What is a Greenspan Put
Greenspan put was a trading strategy popular during the 1990s and 2000s as a result of certain policies implemented by Federal Reserve Chairman Alan Greenspan during that time. Greenspan was chairman from 1987 to 2006. Throughout his reign he attempted to help support the U.S. economy by actively using the federal funds rate as a lever for change which many believed encouraged excessive risk taking that led to profitability in put options.
BREAKING DOWN Greenspan Put
Greenspan put was a term coined in the 1990s. It referred to a reliance on a stock market put option strategy that if utilized could help investors mitigate losses and potentially profit from deflating market bubbles. The Greenspan put suggested that informed investors could expect the Fed to take predictable actions that made put option derivative strategies profitable in times surrounding a crisis.
Greenspan took on the Chairman role with the Fed’s first actions following the 1987 stock market crisis. Greenspan lowered rates to help companies recover from the crisis and set a precedent that the Fed would intervene in times of crisis. This assumption of intervention and support from the Fed induced risk taking that made put options more popular as investors saw inflated valuations.
In the early 1990s Greenspan instituted a series of rate decreases lasting until approximately 1993. Through Greenspan’s reign there were also several instances where the Fed intervened to support exorbitant risk taking in the stock market including the savings and loan crisis, Gulf War, Mexican crisis, Asian financial crisis, the Long-Term Capital Management crisis, Y2K and the bursting of the dot com bubble following its peak in 2000.
Overall, the Fed under Greenspan’s direction was known for supporting a Greenspan put era that encouraged risk taking but also saw inflated prices that made put options more valuable. The effects of the Fed’s rate reductions also helped investors to have the ability to borrow funds more cheaply to invest in the securities market which added to an environment of excessive risk taking.

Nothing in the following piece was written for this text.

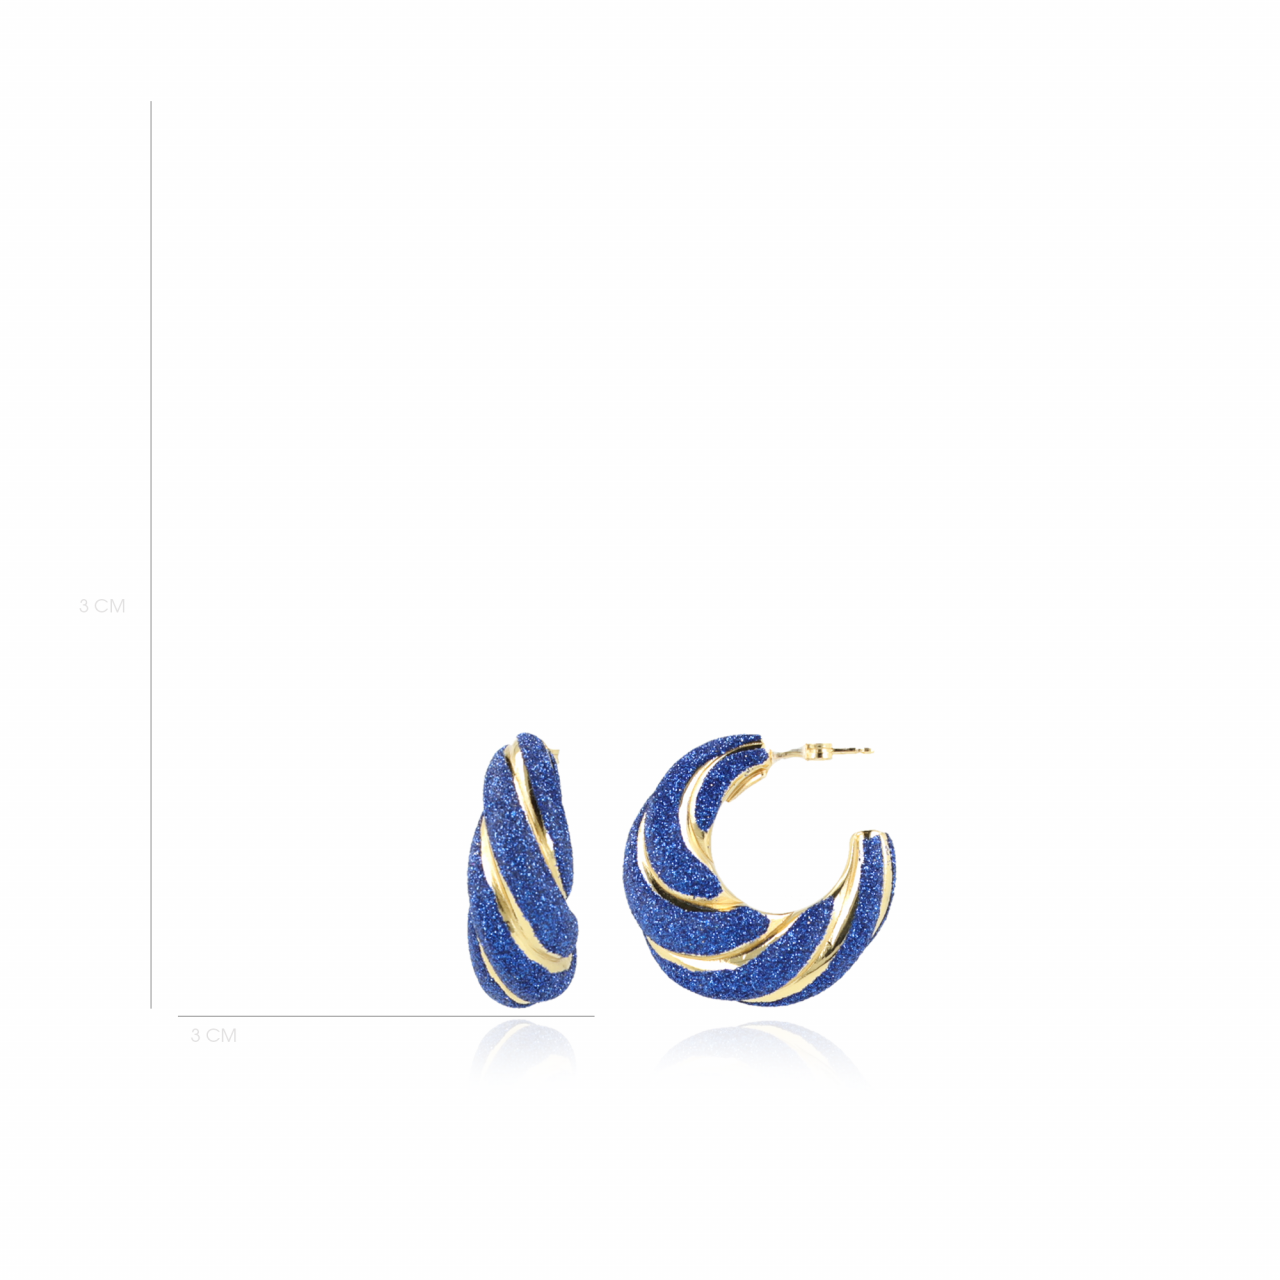 Blauwe Glitter oorbellen Twist Creole Slott-theme.productDescriptionPage.SEO.byTheBrand

On February 1, 2006, Ben Bernanke replaced Alan Greenspan as the Federal Reserve Board chairman. Bernanke followed a similar strategy to Alan Greenspan in 2007 and 2008. The combination of rate reduction timing implemented by Alan Greenspan and Ben Bernanke has been generally attributed to supporting excessive risk taking in the financial markets which many believe to have been a catalyst contributing to the proceedings of the 2008 financial crisis.